ESPN obtained the memo a day after the National Domestic Violence Hotline announced that the NFL had “committed to providing significant resources to the organization” in order to help women who have been abused by their boyfriends or husbands.

“We have never had the funding needed to meet the demand for our services from those seeking help with domestic violence and dating abuse. Last year, because of this lack of resources, more than 77,000 calls went unanswered. Recent domestic violence incidents involving NFL players pushed the capacity of our organization to unprecedented levels,” said Katie Ray-Jones, President and CEO of the National Domestic Violence Hotline.

“Because of this long-term commitment by the NFL to provide The Hotline with much-needed resources, our services will finally be accessible to all those who need us when they bravely take the first step to find safety and live a life free of abuse,” she added.

The move comes after the NFL has been hit with several high-profile cases of players arrested for domestic violence.

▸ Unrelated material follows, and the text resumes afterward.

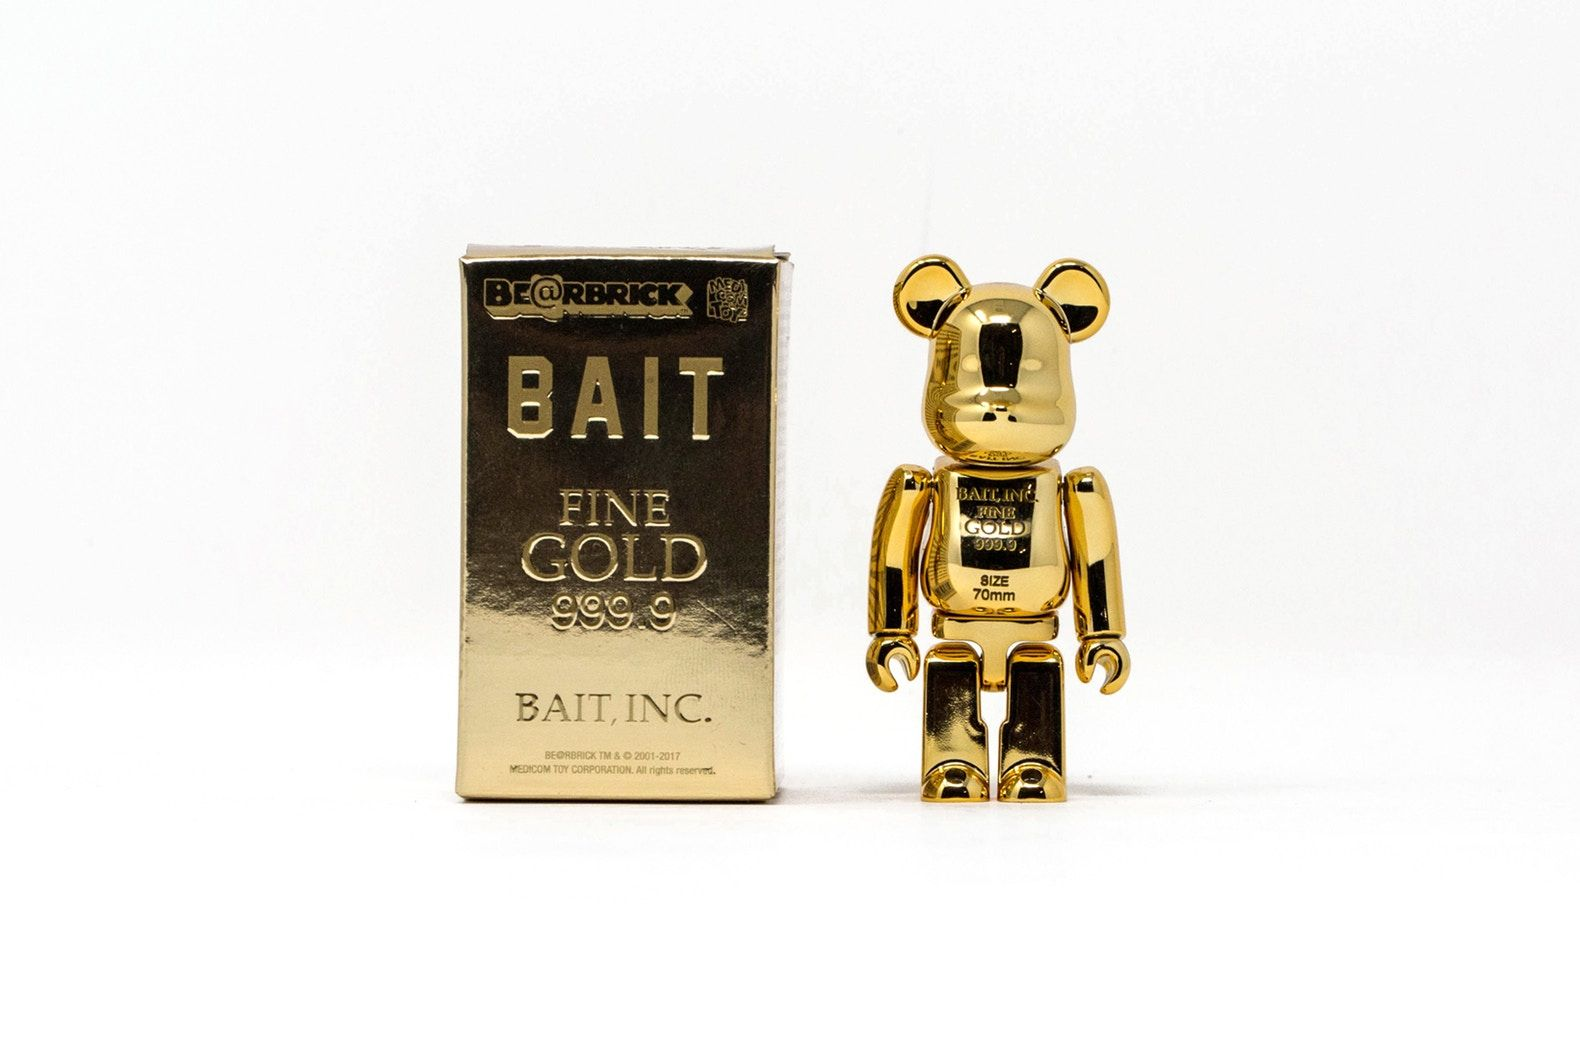 d4ce91a0 BAIT x Medicom Toy Bearbrick GOLD BARS design be@rbrick 100% 400% toy  figurine

The league has also come under fire for the way it has handled cases in the past.

Goodell is expected to hold a news conference this afternoon in New York on domestic violence and the league’s personal conduct policy.

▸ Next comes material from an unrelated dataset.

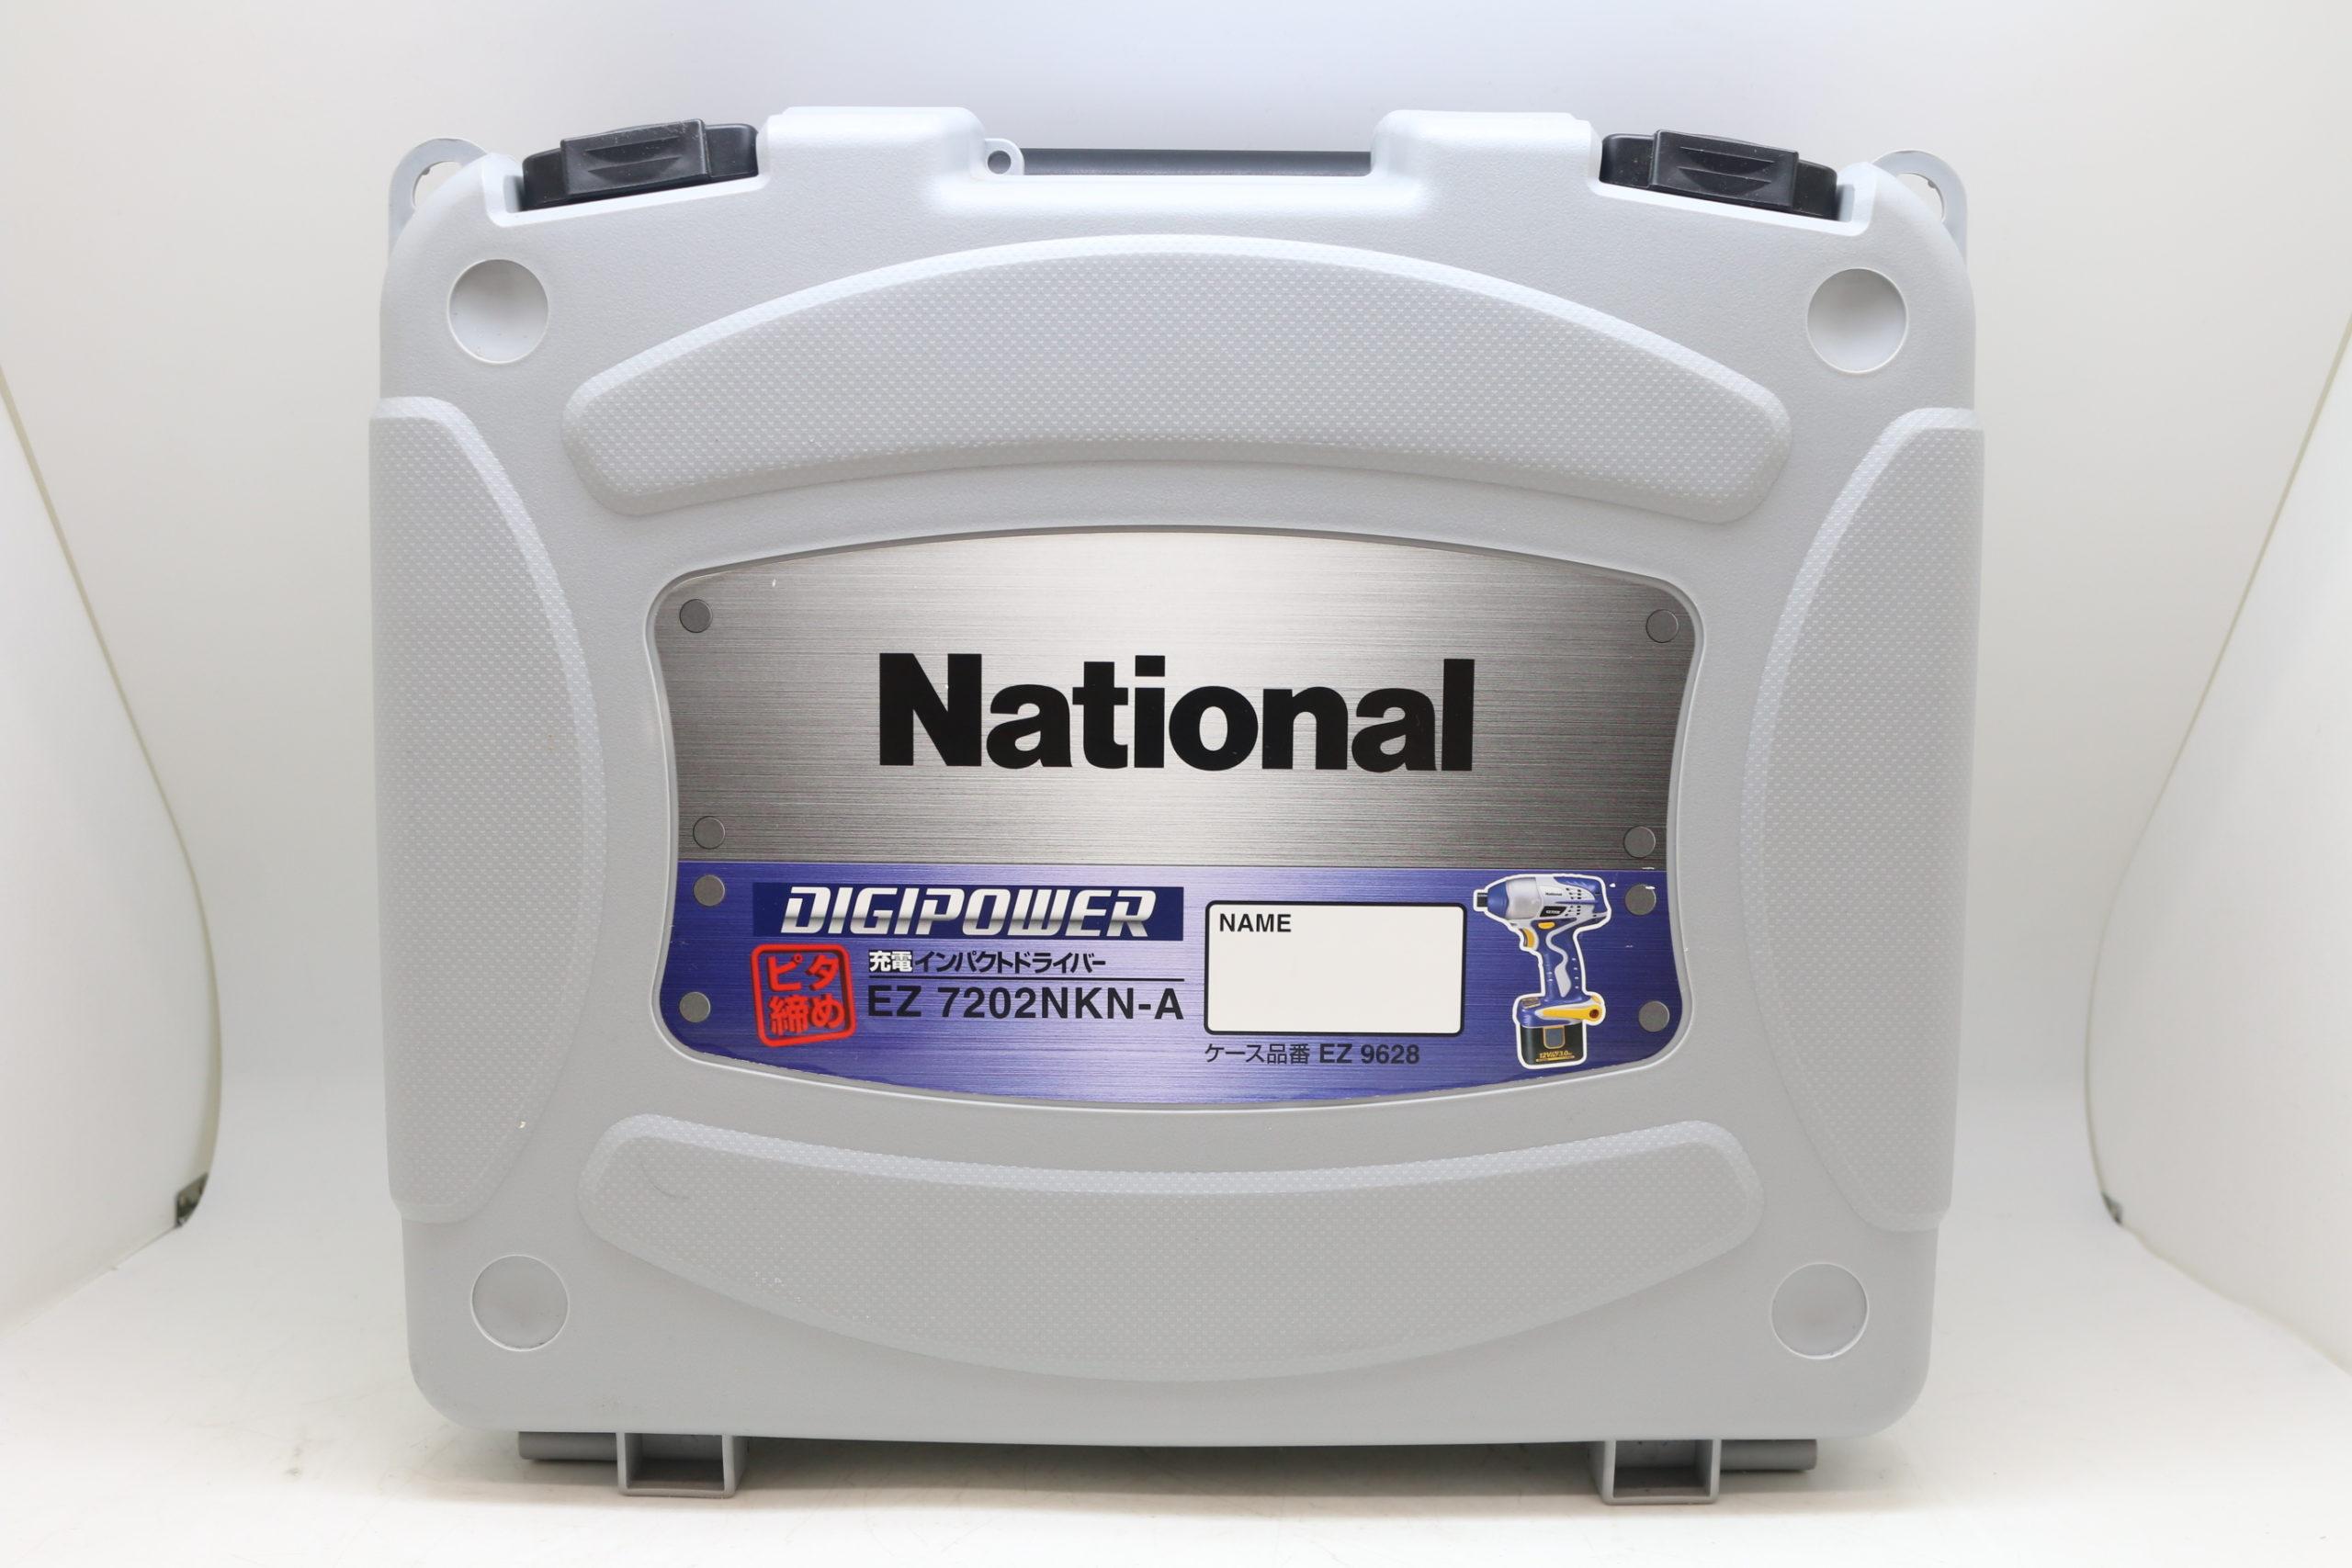 National/ナショナル 松下電工 EZ7202NKN-A ピタ締め 充電式 インパクトドライバー DC12V バッテリー2個付きを買取致しました!の買取-

The group, who announced the agreement in a news release posted to its website, did not specify how much the NFL had given them.

The organization said that just days after the release of a video last week showing Baltimore Ravens running back Ray Rice punching his then-fiancé in an elevator, the Hotline’s call volume increased by 84 percent.

Goodell, who has come under fire in recent days with some calling on him to resign, said it is also educating all its employees.

“We are also proceeding to implement broad educational programs within our league. Starting within the next 30 days, all league and team personnel — including executives, coaches, players and staff — will participate in education sessions on domestic violence and sexual assault. These initial sessions will begin to provide the men and women of the NFL with information and tools to understand and recognize domestic violence and sexual assault. We will work with the NFL Players Association to develop and present this training in the most effective way,” he said in the memo.

Goodell also said that all teams — including executives, coaches, players and staff — will “receive comprehensive information about domestic violence and sexual assault resources in your communities, including local advocacy and support organizations. This will enable teams to connect with those local organizations for both personnel matters and public service. League staff at all locations will also receive domestic violence and sexual assault information.”

He added, “These are by no means final steps. We will continue to work with experts to expand and develop long-term programs that raise awareness, educate, and prevent domestic violence and sexual assault both within the NFL and in our society in general.”